In other words, if "div#foo" changed to "span#bar", word-diff would
say that "div changed to span, # didn't change and foo changed to
bar".

Which makes sense to me.

The above is not a request to change anything; just me thinking
aloud to see if I agree with the reasoning.
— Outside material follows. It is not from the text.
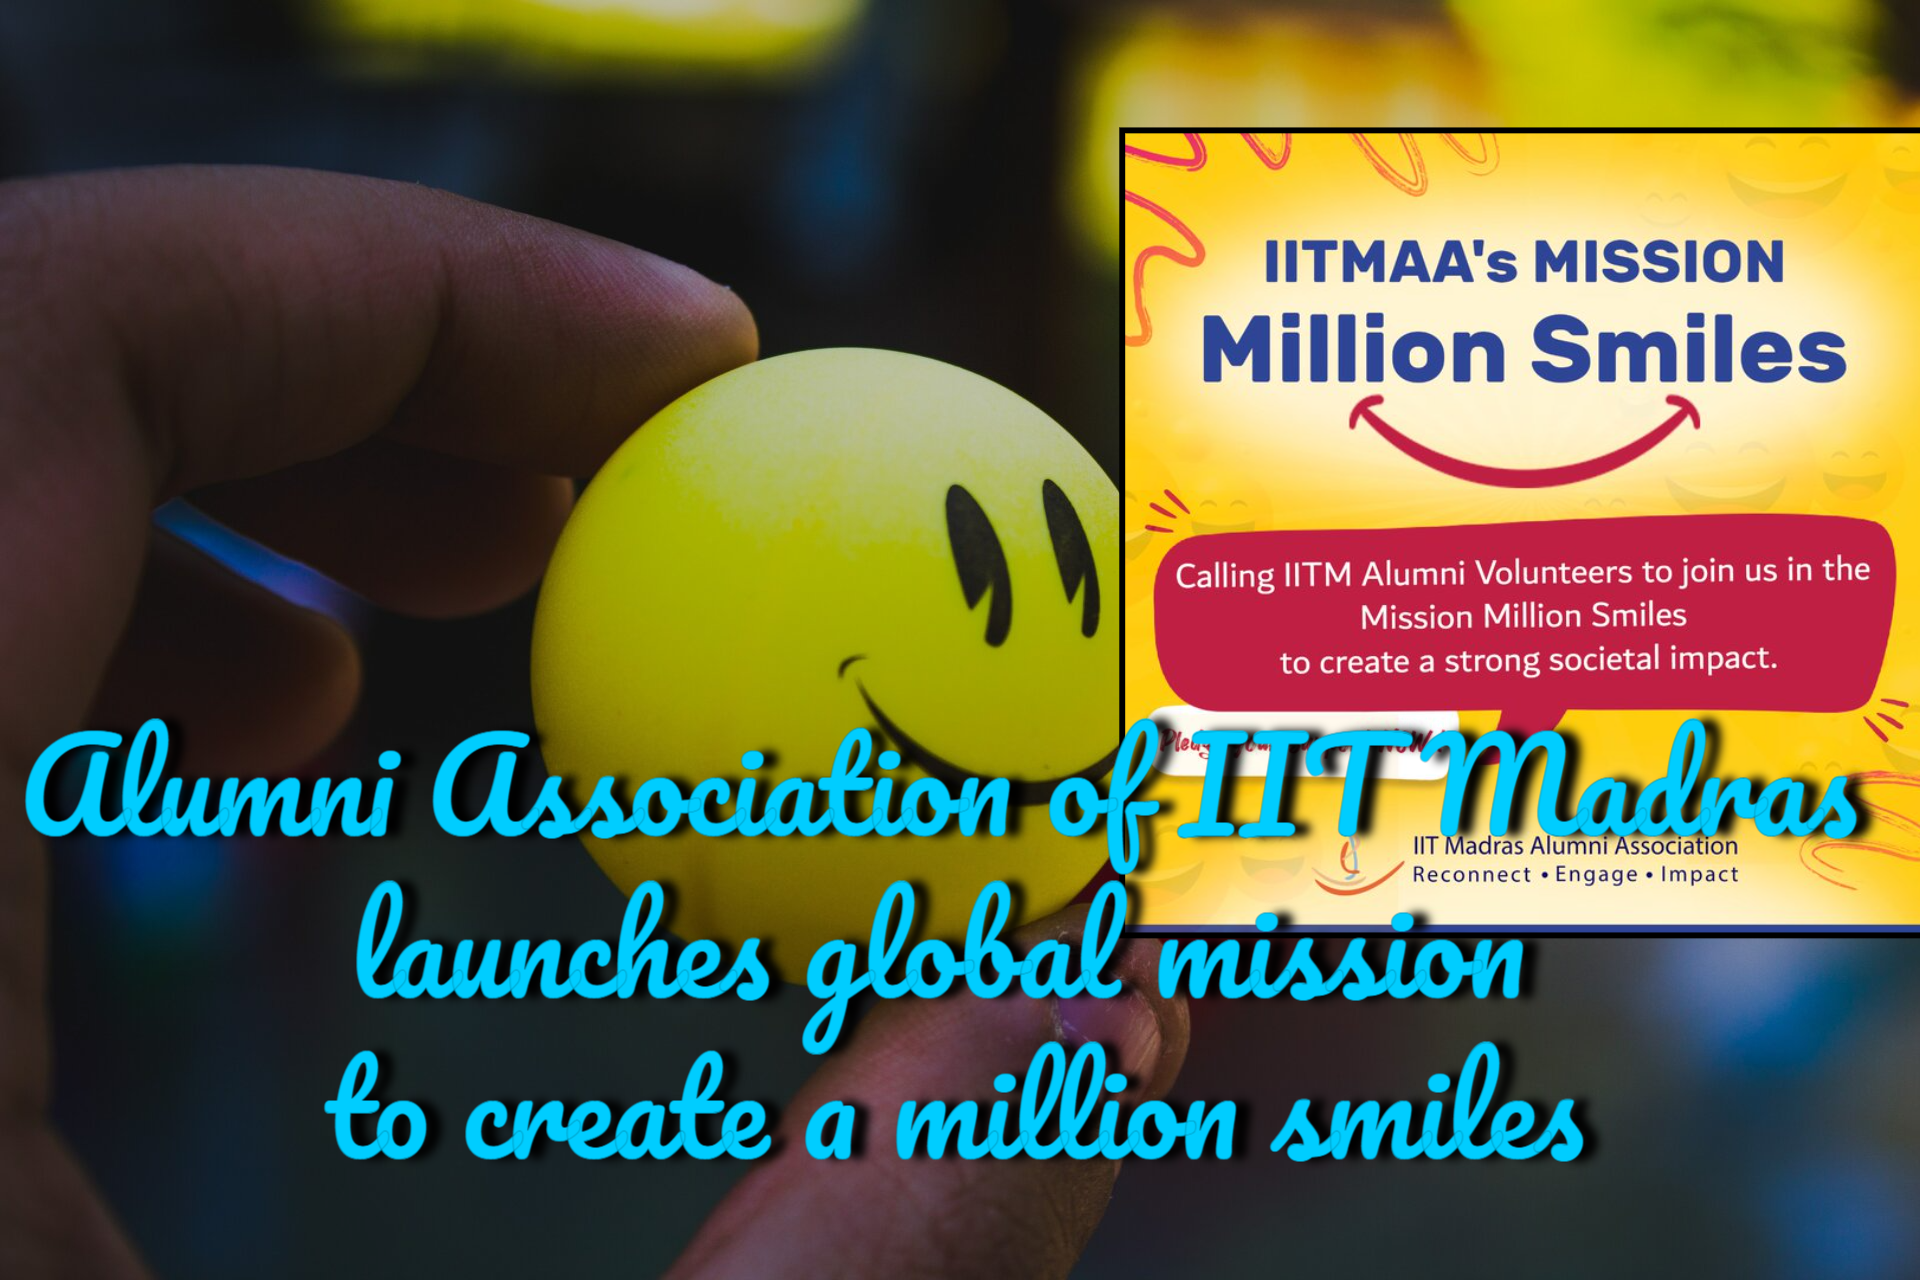 Alumni Association of IIT Madras launches global mission to create a million smiles

> diff --git a/userdiff.c b/userdiff.c
> index 6bf2505..0f9cfbe 100644
> --- a/userdiff.c
> +++ b/userdiff.c
> @@ -148,6 +148,14 @@ PATTERNS("csharp",
>  	 "[a-zA-Z_][a-zA-Z0-9_]*"
>  	 "|[-+0-9.e]+[fFlL]?|0[xXbB]?[0-9a-fA-F]+[lL]?"
>  	 "|[-+*/<>%&^|=!]=|--|\\+\\+|<<=?|>>=?|&&|\\|\\||::|->"),
> +PATTERNS("css",
> +	 "^([^,{}]+)((,[^}]*\\{)|([ \t]*\\{))$",
> +	 /* -- */
> +	 /* This regex comes from W3C CSS specs. Should theoretically also allow ISO 10646 characters U+00A0 and higher,
> +	  * this not handled in this regex. */
> +	 "-?[_a-zA-F][-_a-zA-F0-9]*" /* identifiers */
> +	 "|-?[0-9]+|\\#[0-9a-fA-F]+" /* numbers */
> +),

Style:

	/*
         * This regex comes from ...
         * ...
         * but they are not handled with this regex.
         */

I wonder if IPATTERN() may make it easier to express the above.

Also, a-zA-F (twice seen in "identifiers" section) looks somewhat
suspicious.  a-fA-F or a-zA-Z I would understand, and I suspect this
is a misspelled form of the latter.

^ permalink raw reply	[flat|nested] 21+ messages in thread

* [PATCH] userdiff: add built-in pattern for CSS
  2016-05-20 13:28 [PATCH] userdiff: add built-in pattern for CSS William Duclot
  2016-05-20 22:37 ` Junio C Hamano
@ 2016-05-24 14:25 ` William Duclot
  2016-05-24 19:06   ` Junio C Hamano
                     ` (2 more replies)
  1 sibling, 3 replies; 21+ messages in thread
From: William Duclot @ 2016-05-24 14:25 UTC (permalink / raw)
  To: git; +Cc: simon.rabourg, francois.beutin, antoine.queru, gitster,
	Matthieu Moy

CSS is widely used, motivating it being included as a built-in pattern.

It must be noted that the word_regex for CSS (i.e. the regex defining
what is a word in the language) does not consider '.' and '#' characters
(in CSS selectors) to be part of the word. This behavior is documented
by the test t/t4018/css-rule.
The logic behind this behavior is the following: identifiers in CSS
selectors are identifiers in a HTML/XML document. Therefore, the '.'/'#'
character are not part of the identifier, but an indicator of the nature
of the identifier in HTML/XML (class or id). Diffing ".class1" and
".class2" must show that the class name is changed, but we still are
selecting a class.

Signed-off-by: William Duclot <william.duclot@ensimag.grenoble-inp.fr>
Signed-off-by: Matthieu Moy <matthieu.moy@grenoble-inp.fr>
---
changes since v1:
Fix a typo in the word_regex ("A-F" => "A-Z").
Clearer comment about ISO 10646 characters.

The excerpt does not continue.